Эту «порцию» Свидригайлов сам заказал еще вечером оборванцу. Надо же было хоть что-нибудь заказать раз нанимаешь комнату в таком учреждении как «Адрианополь»; и без того оборванец вопросительно смотрел на странного промокшего на дожде пришельца, ожидая очевидно распоряжений посущественнее.
«Свидригайлов долго смотрел на мух, облепивших телятину, и, наконец, свободною правою рукой начал ловить одну муху. Долго истощался он в усилиях, но никак не мог поймать. Наконец, поймав себя на этом интересном занятии, очнулся, вздоргнул, встал и решительно пошел из комнаты. Через минуту он был на улице».
Что же это была за ловля мух? Не начиналась ли тут автоматизация обреченного или, что то же, обрекшего себя на смертную казнь человека? Судя по дальнейшим замечаниям Достоевского, на опыте познавшего душевное состояние ведомого на казнь, выходит именно так.
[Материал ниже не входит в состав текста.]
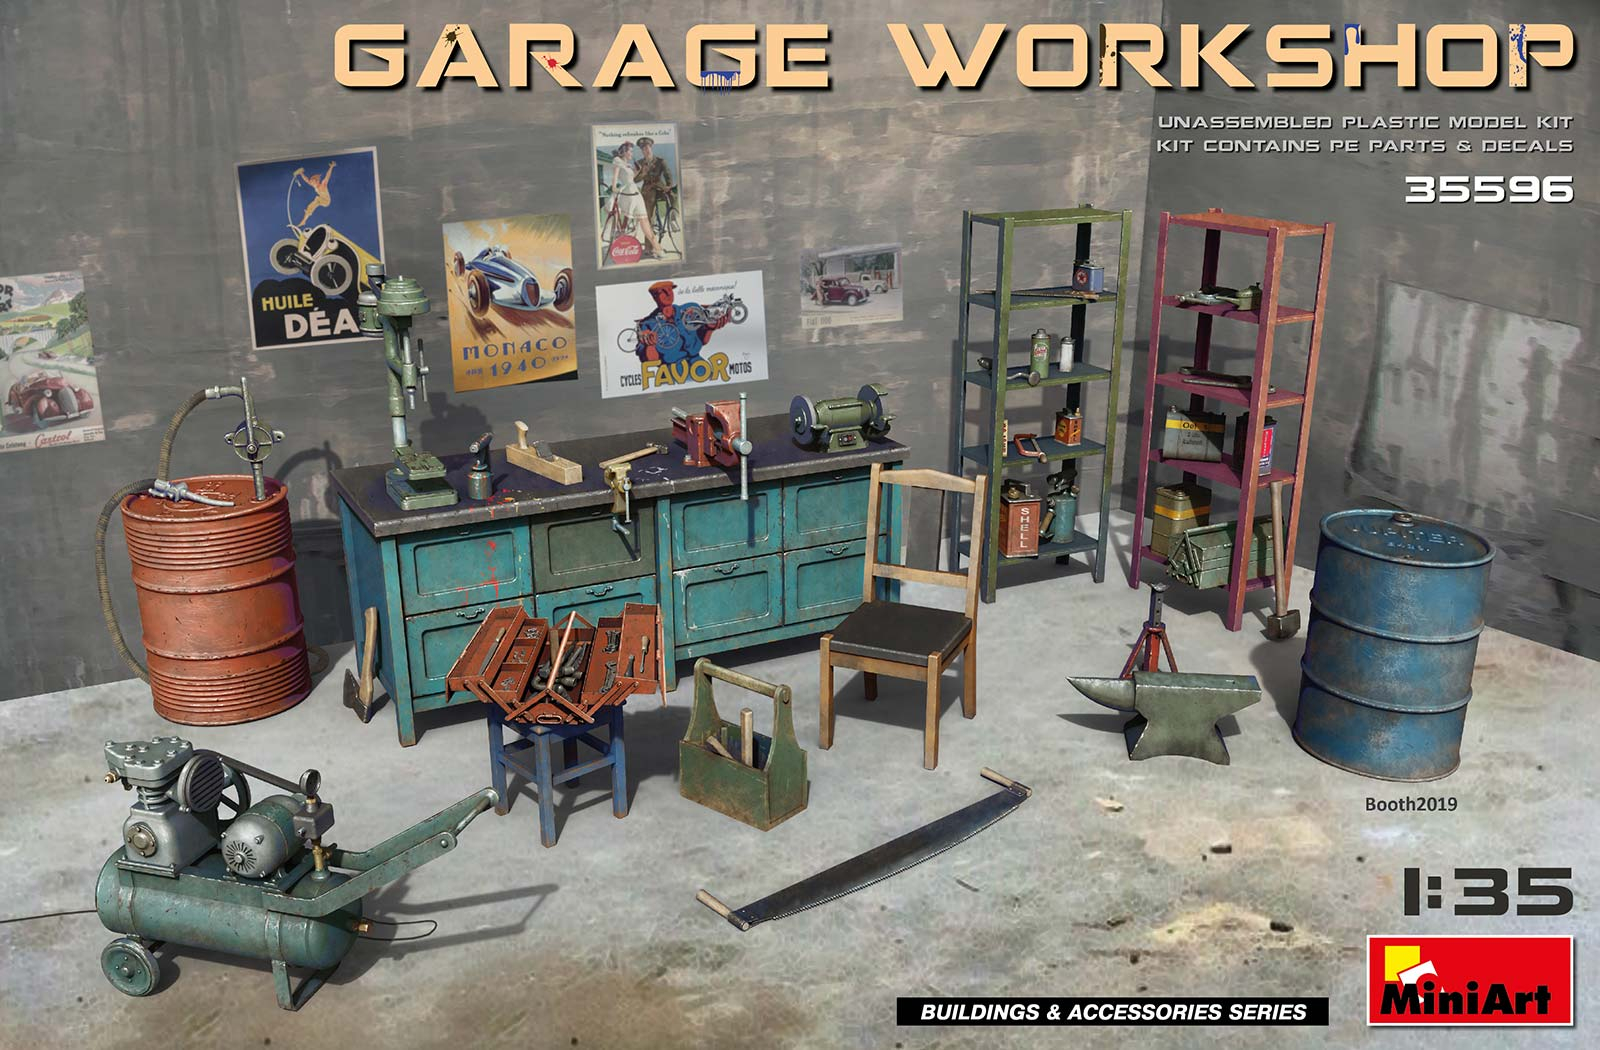 1/35 GARAGE WORKSHOP 35596

«Молочный густой туман лежал над городом. Свидригайлов пошел по скользкой, грязной, деревянной мостовой, по направлению к Малой Неве... С досадой стал он рассматривать дома, чтобы думать о чем-нибудь другом. Ни прохожего, ни извозчика не встречалось по проспекту. Уныло и грязно смотрели ярко желтые, деревянные домики, с закрытыми ставнями. Холод и сырость прохватывали все его тело, и его стало знобить. Изредка он натыкался на лавочные и овощные вывески и каждую тщательно прочитывал». — (выделено мною — Г. М.).
Совсем как Достоевский, по его собственным словам, когда везли его по городу на казнь! Подчеркнутое мною замечание автора, сделанное им как бы мимоходом, лишний раз показывает, что Свидригайлов идет не на самоубийство, но на самоказнь и потому чувствует и поступает, как приговоренный к смерти преступник.
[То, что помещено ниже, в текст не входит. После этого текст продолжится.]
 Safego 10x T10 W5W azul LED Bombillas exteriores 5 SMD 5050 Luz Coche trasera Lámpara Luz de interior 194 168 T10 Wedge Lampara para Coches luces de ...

«Вот уже кончалась деревянная мостовая. Он уже поравнялся с большим каменным домом. Грязная, издрогшая со- баченка, с поджатым хвостом, перебежала ему дорогу. Какой- то мертво пьяный в шинели, лицом вниз, лежал поперек тротуара. Он поглядел на него и пошел далее. Высокая каланча мелькнула ему влево».
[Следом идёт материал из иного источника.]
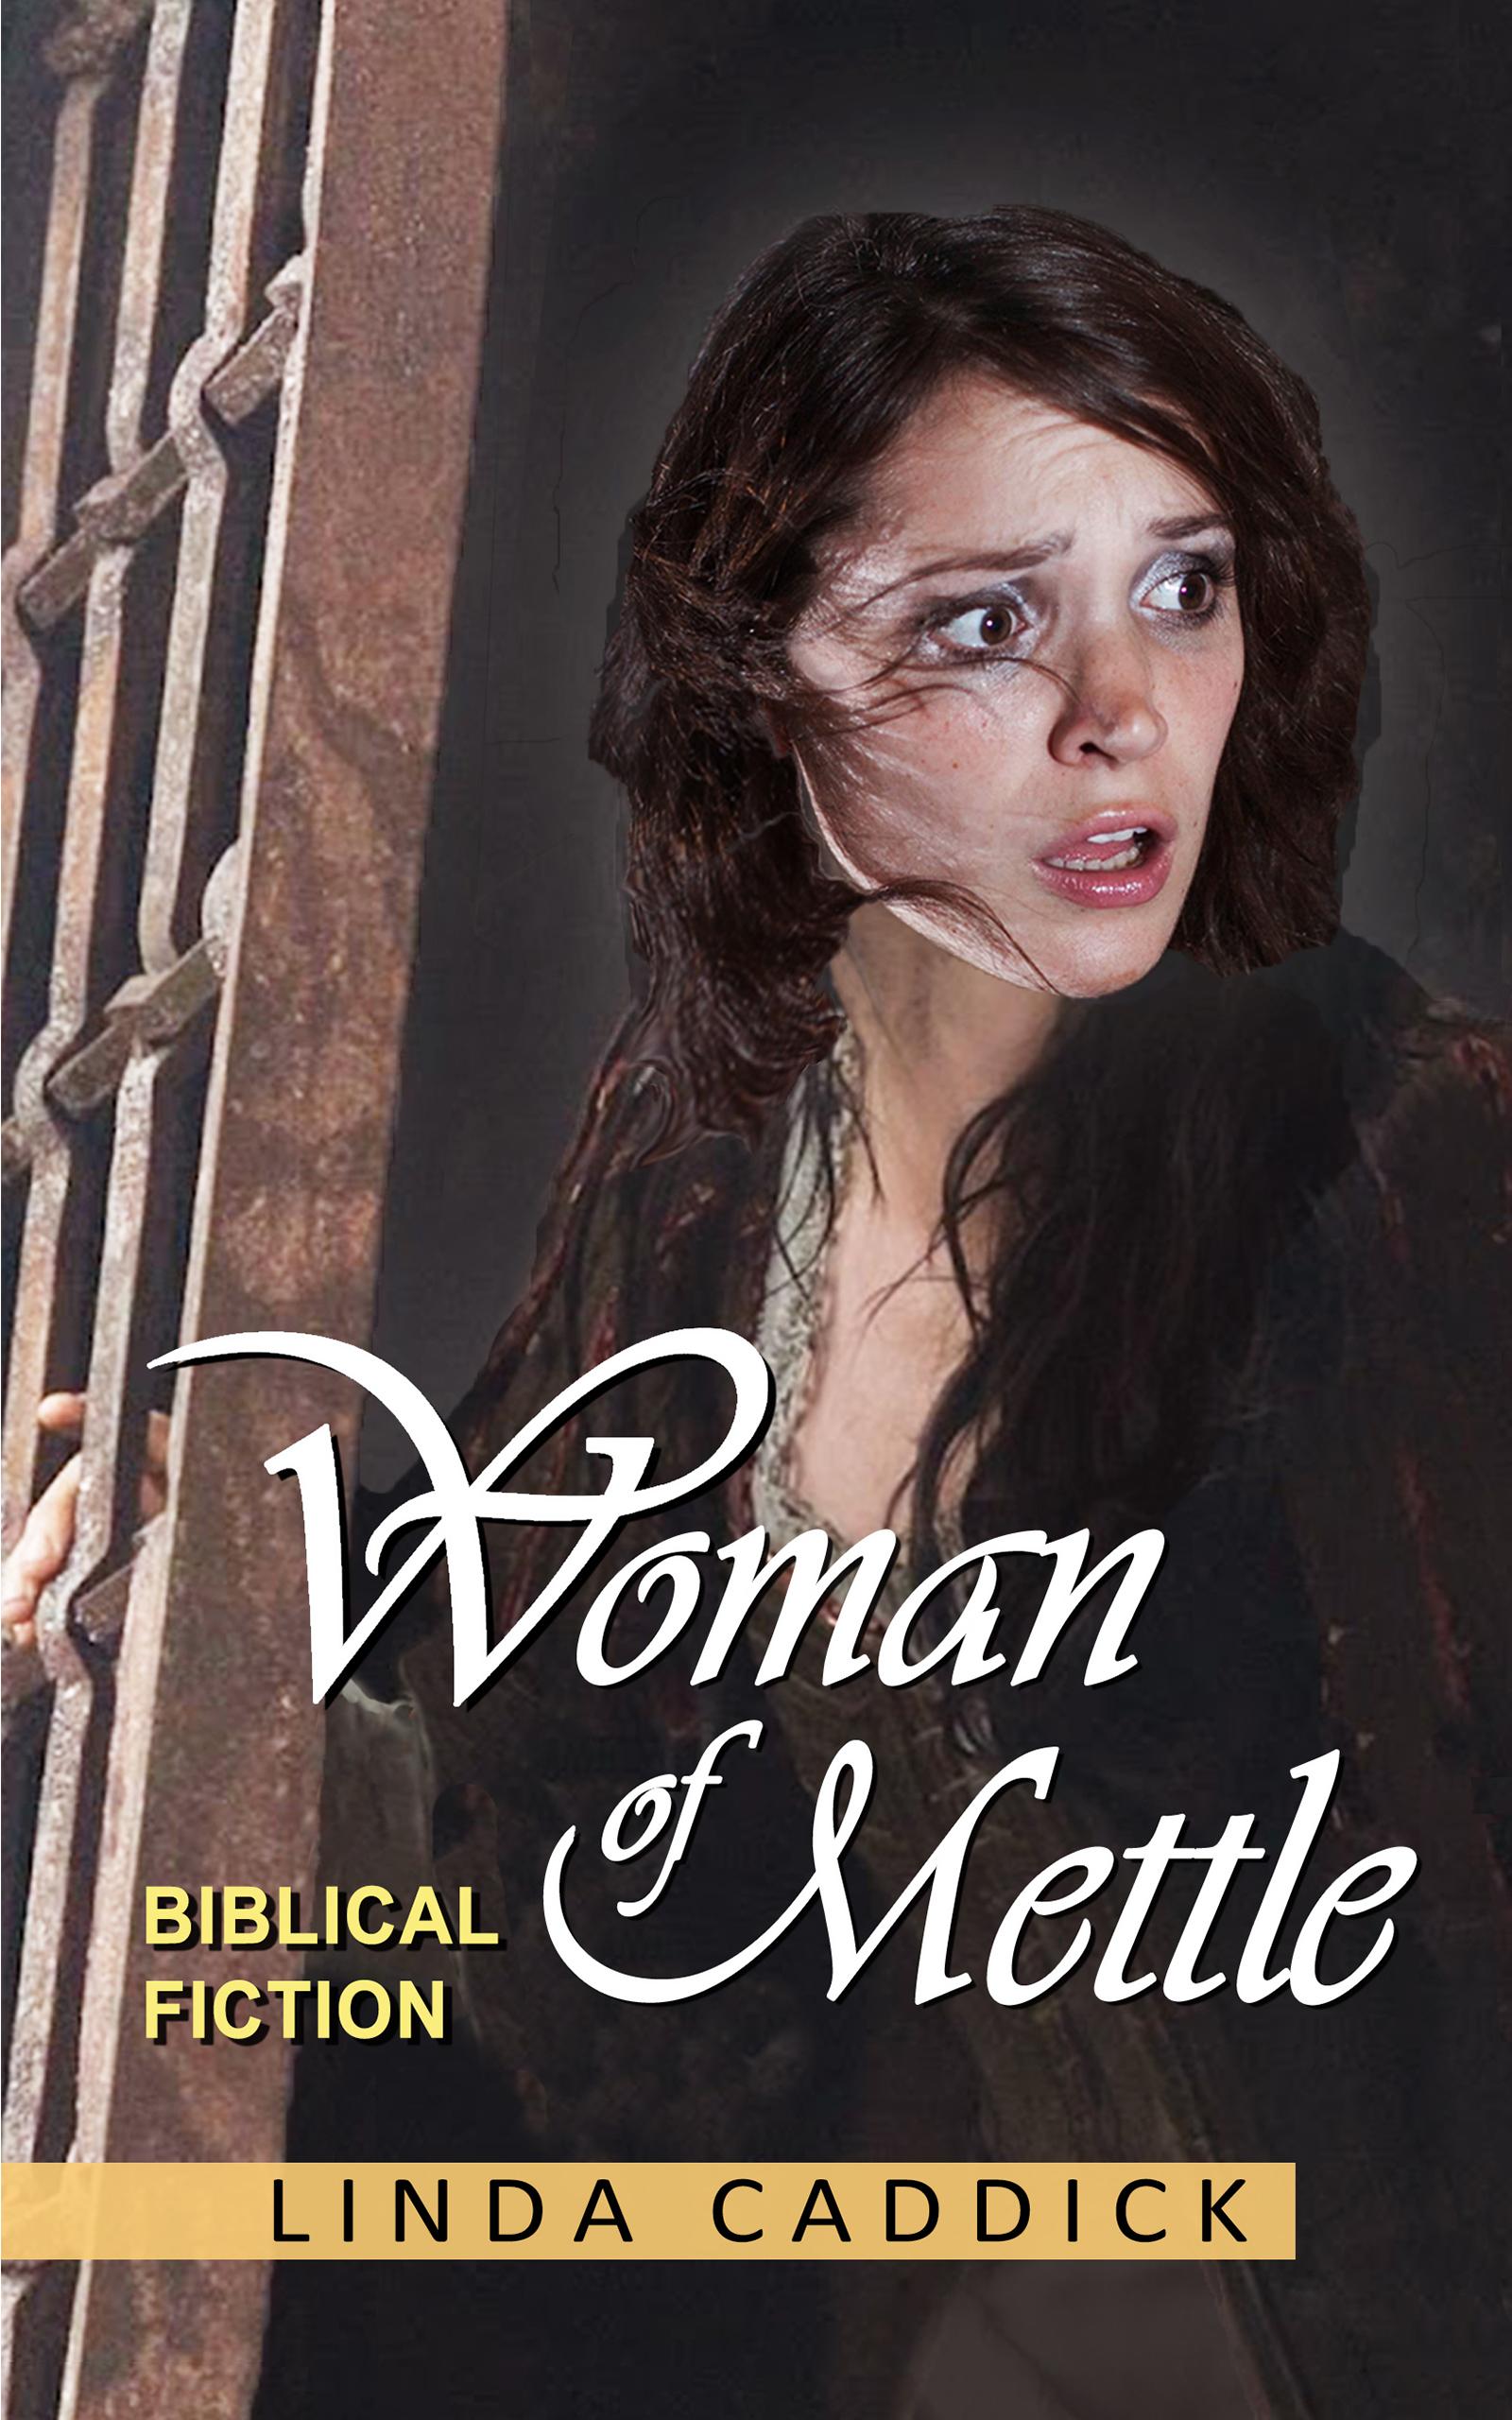 WOMAN OF METTLE

«Ба! — подумал он, — да вот и место, зачем на Петровский? По крайней мере при официальном свидетеле».
Вот снова подтверждение той же мысли о Свидригайло- ве: казнь происходит на публичном месте при официальных лицах. Так собирались казнить Достоевского на Семеновском плацу. Но самоубийца, чтобы умереть, ищет укромного места.
«Он чуть не усмехнулся этой новой мысли (казнить себя, так сказать официально — Г. М.) и поворотил в -скую улицу. Тут-то стоял большой дом с каланчей. У запертых больших ворот дома стоял, прислонясь к ним плечом, небольшой человек, закутанный в серое солдатское пальто и в медной ахиллесовой каске. Дремлющим взглядом холодно покосился он на подошедшего Свидригайлова. На лице его виднелась та вековечная брюзгливая скорбь, которая так кисло отпечаталась на всех без исключения лицах еврейского племени. Оба они, Свидригайлов и Ахиллес, несколько времени молча рассматривали один другого. Ахиллесу, наконец, показалось непорядком, что человек не пьян, а стоит перед ним в трех шагах, глядит в упор и ничего не говорит».
Необычное положение, неправда ли? Но о совершенной неизбежности этой встречи, отплывающего в «Америку» Свидригайлова с «Ахиллесом» еврейского происхождения, написал Штейнберг в своей замечательной, во всех отношениях прекрасной статье, озаглавленной «Достоевский и еврейство». К сожалению, он, как Ин. Анненский в своем несравненном очерке о «Преступлении и наказании», остается лишь в ходе и развитии замысла Достоевского, в узоре его мыслей, не упоминая о том, что этот творческий узор мысли органически совпадает с непосредственным глубочайшим процессом жизни, с самой сущностью бытия. Свидригайлов перед смертью не мог не повстречать хотя бы ничтожного представителя еврейства и это не только по мистическим причинам, о которых так остро и умно говорит Штейнберг. У Достоевского не мысль создает некое подобие жизненных явлений, но сама жизнь рождает мысль. Иннокентий Анненский, несомненно, знал это лучше нас, но молчал: годы шли тогда предреволюционные, интеллигентские и заговорить по существу о религиозном процессе, положительном и отрицательном в творчестве Достоевского, было бы бесцельно. К тому же, даже Анненский, будучи человеком своего времени, был в некоторой мере отравлен проклятым скептицизмом французского происхождения, подготовившим всероссийскую катастрофу. Но вернемся к Свидригайлову и представителю еврейства «закутанному» в серое солдатское пальто и в медной ахиллесовой каске.